Merge pull request TutteInstitute#21 from nsakr/semi_supervised_fast_hdbscan

lmcinnes · web-flow · commit 163e1672c8db · 2024-07-03T16:59:15.000+10:00
Add HDBSCAN*(BC) implementation.
diff --git a/fast_hdbscan/cluster_trees.py b/fast_hdbscan/cluster_trees.py
@@ -5,6 +5,11 @@
 
 from .disjoint_set import ds_rank_create, ds_find, ds_union_by_rank
 
+from numba.typed import Dict, List
+from numba.types import int64, ListType
+
+int64_list_type = ListType(int64)
+
 LinkageMergeData = namedtuple("LinkageMergeData", ["parent", "size", "next"])
 
 
@@ -131,7 +136,7 @@ def condense_tree(hierarchy, min_cluster_size=10):
     lambdas = np.empty(root, dtype=np.float32)
     sizes = np.ones(root, dtype=np.int64)
 
-    ignore = np.zeros(root + 1, dtype=np.bool)
+    ignore = np.zeros(root + 1, dtype=np.bool_) # 'bool' is no longer an attribute of 'numpy'
 
     idx = 0
 
@@ -212,6 +217,178 @@ def extract_leaves(condensed_tree, allow_single_cluster=True):
     return np.nonzero(leaf_indicator)[0]
 
 
+
+# The *_bcubed functions below implement the (semi-supervised) HDBSCAN*(BC) algorithm presented
+# in Castro Gertrudes, J., Zimek, A., Sander, J. et al.
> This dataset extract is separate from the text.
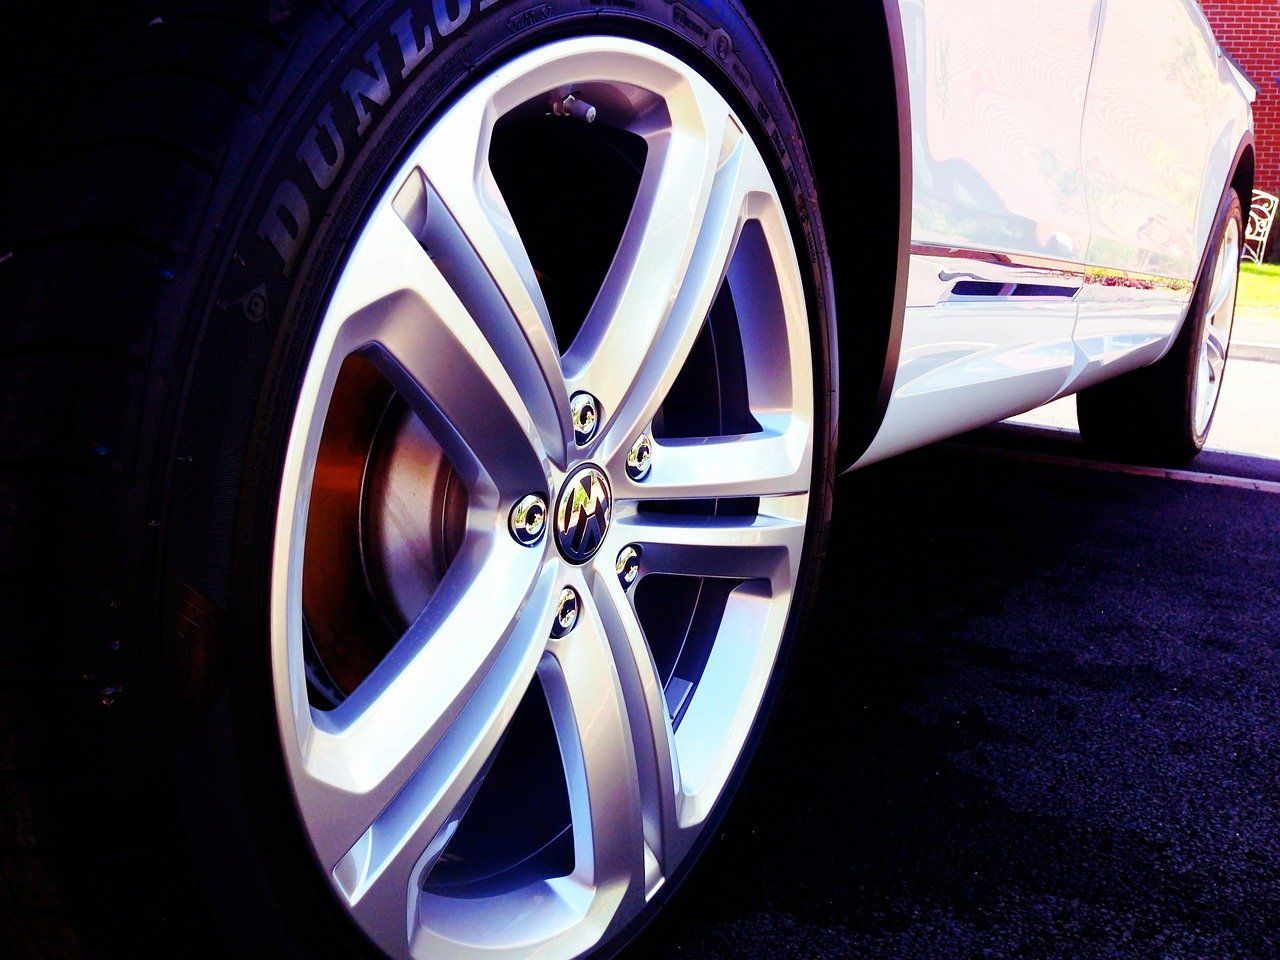 Wheels 1545983 1280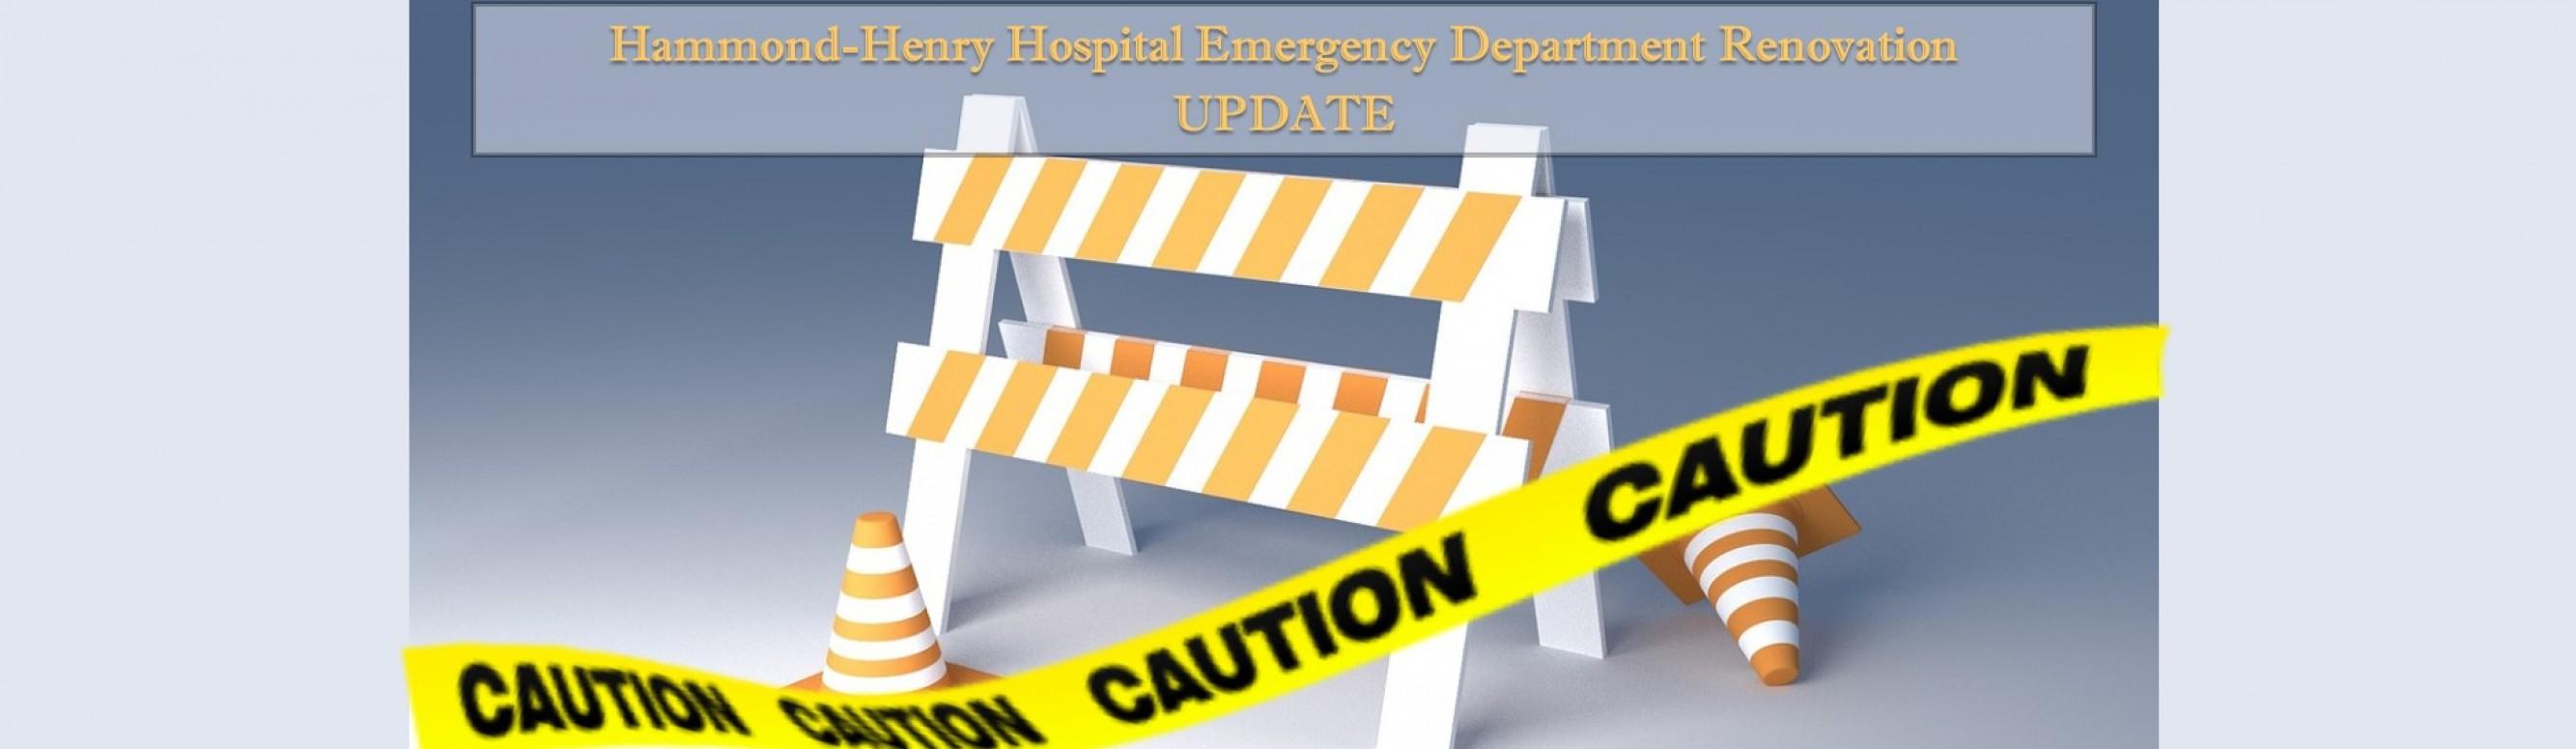 Hammond Henry Hospital

A unified view of density-based methods 
+# for semi-supervised clustering and classification. Data Min Knowl Disc 33, 1894–1952 (2019).
+
+@numba.njit()
+def cluster_tree_from_condensed_tree_bcubed(condensed_tree, cluster_tree, label_indices):
+    # This functions returns a cluster_tree with virtual nodes (if applicable).
+
+    label_indices_list = list(label_indices.keys())
+    cluster_tree_parents = list(cluster_tree.parent)
+
+    # A labeled node that has no children and who's parent is not a leaf cluster, then it must be 
+    # a noisy node (virtual node). 
+
+    mask1 = condensed_tree.child_size > 1
+    mask2 = condensed_tree.child_size == 1
+    mask3 = np.array([child in label_indices_list for child in condensed_tree.child])
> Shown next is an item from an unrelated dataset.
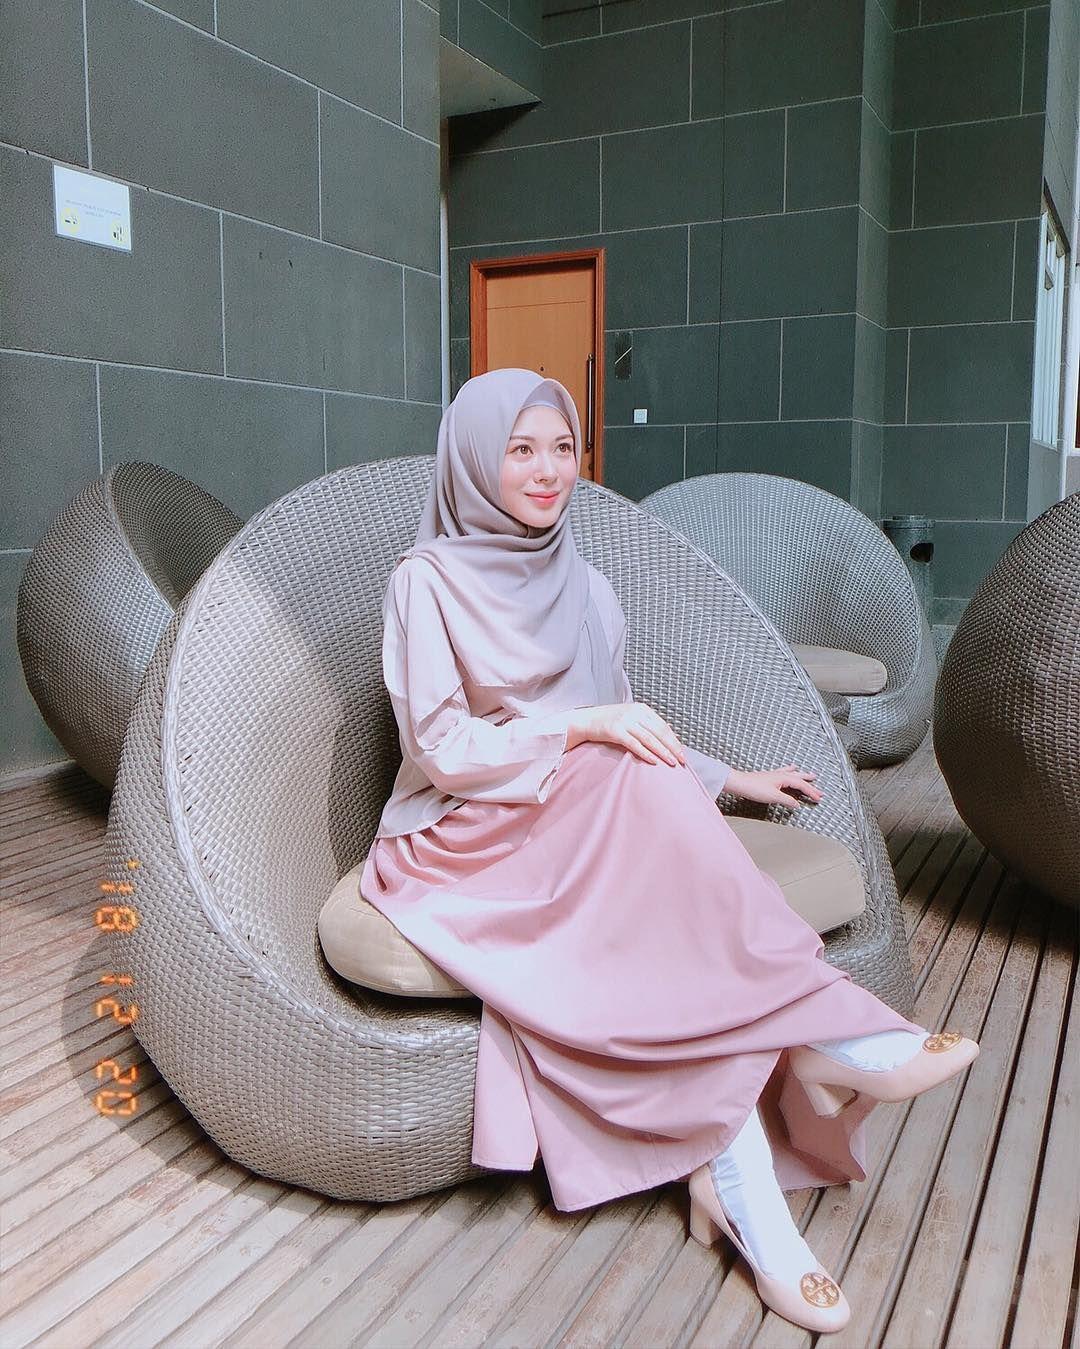 Ragam Penampilan Ayana Moon Mualaf Korea Selatan Pengagum Uas Artis Di 2021 Model Pakaian Gadis Berjilbab Model Pakaian Hijab

+    mask4 = np.array([parent in cluster_tree_parents for parent in condensed_tree.parent]) # check that it's not a leaf cluster
+
+    mask = (mask1 | (mask2 & mask3 & mask4)) 
+
+    return CondensedTree(condensed_tree.parent[mask], condensed_tree.child[mask], condensed_tree.lambda_val[mask],
+                         condensed_tree.child_size[mask])
+
+
+@numba.njit()
+def get_condensed_tree_clusters_bcubed(condensed_tree, cluster_tree=None, cluster_tree_bcubed=None, allow_virtual_nodes=False):
+
+    cluster_elements = Dict.empty(
+        key_type=int64,
+        value_type=int64_list_type,
+        )
+    
+    virtual_nodes = [0 for x in range(0)] 
+
+    parents_set = set(list(condensed_tree.parent))
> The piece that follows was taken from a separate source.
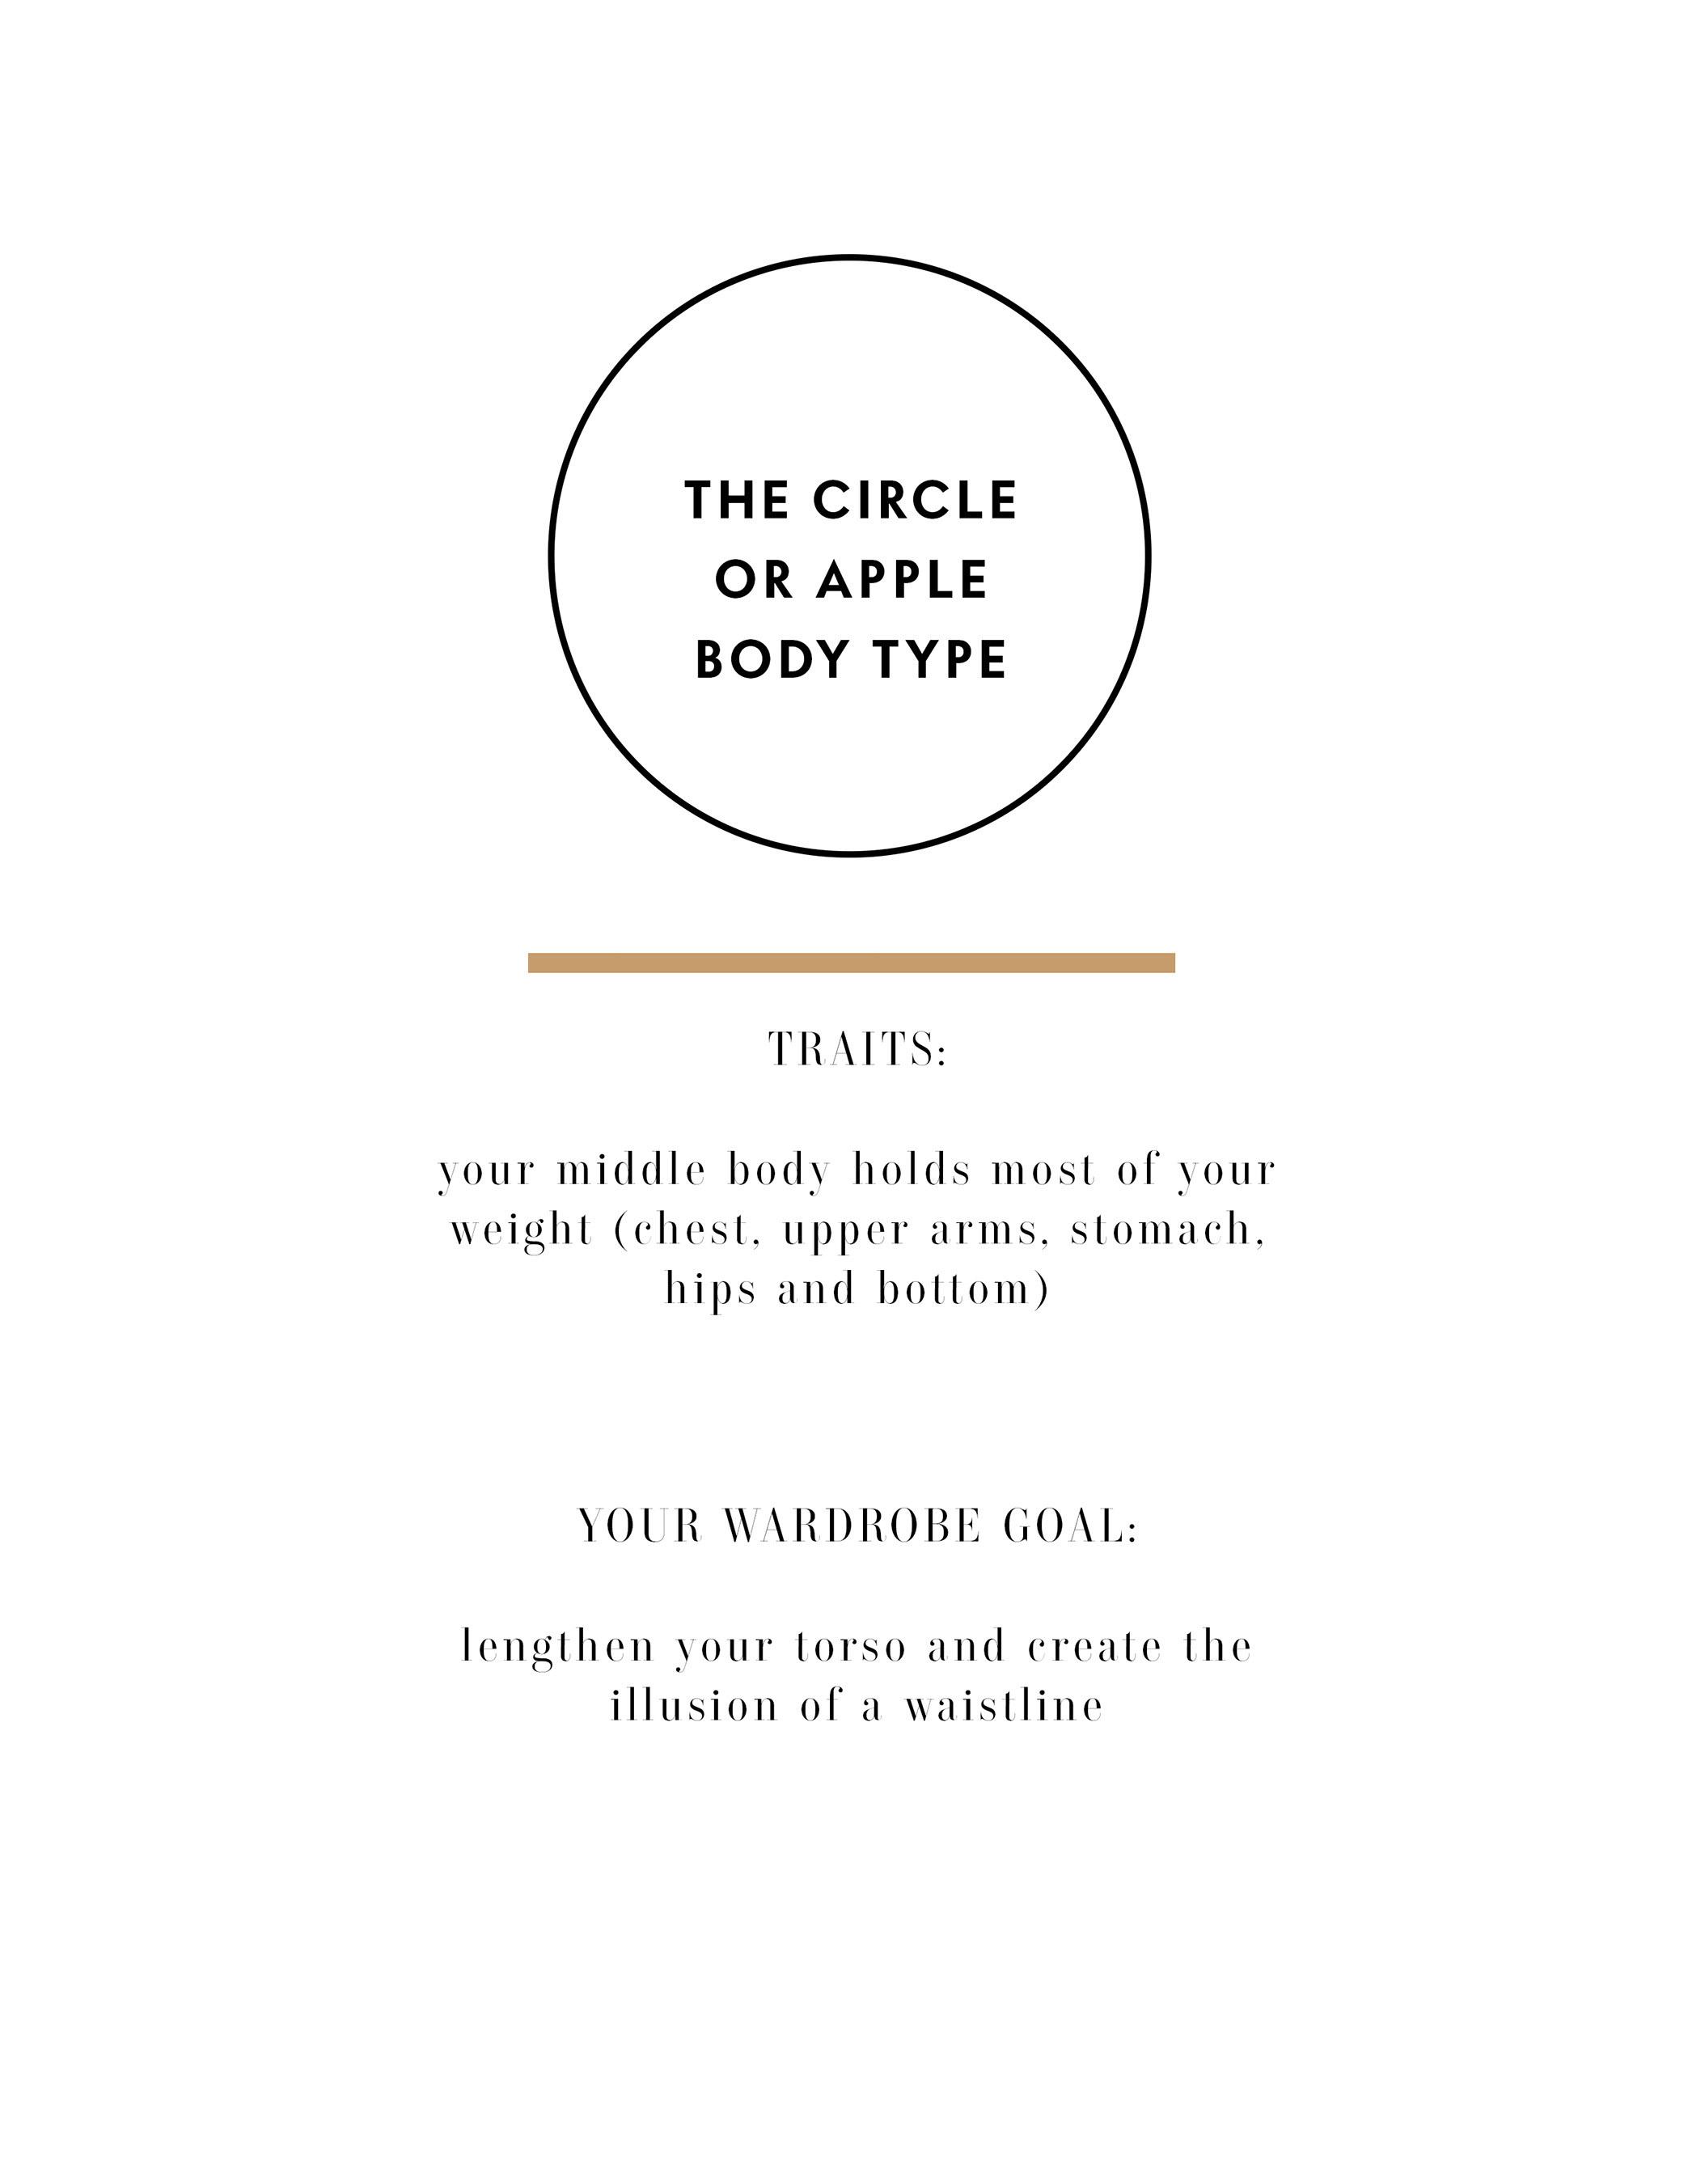 What to Wear Guide - Digital PDF-10-Left.jpg

+    for i in range(len(condensed_tree.child) - 1, -1, -1): # Traverse tree bottom up
+        parent = condensed_tree.parent[i]
+        child = condensed_tree.child[i]
+        if child in parents_set:
+            if parent in cluster_elements:
+                cluster_elements[parent].extend(cluster_elements[child])
+            else:
+                cluster_elements[parent] = List(cluster_elements[child])
+        elif parent in cluster_elements:
+            cluster_elements[parent].append(child)
+        else:
+            cluster_elements[parent] = List.empty_list(int64)
+            cluster_elements[parent].append(child)
+
+    if allow_virtual_nodes and (cluster_tree is not None) and (cluster_tree_bcubed is not None):
+        for i in list(set(cluster_tree_bcubed.child).difference(set(cluster_tree.child))):
+            virtual_nodes.append(i)
+        for node in virtual_nodes:
+            cluster_elements[node] = List.empty_list(int64)
+            cluster_elements[node].append(node)
+  
+    return cluster_elements, np.array(virtual_nodes)
+
+
+@numba.njit()
+def eom_recursion_bcubed(node, cluster_tree, stability_node_scores, bcubed_node_scores, selected_clusters):
+    current_score_stability_bcubed = np.array([stability_node_scores[node], bcubed_node_scores[node]], dtype=np.float32)
+
+    children = cluster_tree.child[cluster_tree.parent == node]
+    child_score_total_stability_bcubed = np.array([0.0, 0.0], dtype=np.float32)
+
+    for child_node in children:
+        child_score_total_stability_bcubed += eom_recursion_bcubed(child_node, cluster_tree, stability_node_scores, bcubed_node_scores, selected_clusters)
+
+    if child_score_total_stability_bcubed[1] > current_score_stability_bcubed[1]:
+        return child_score_total_stability_bcubed
+
+    elif child_score_total_stability_bcubed[1] < current_score_stability_bcubed[1]:
+        selected_clusters[node] = True
+        unselect_below_node(node, cluster_tree, selected_clusters)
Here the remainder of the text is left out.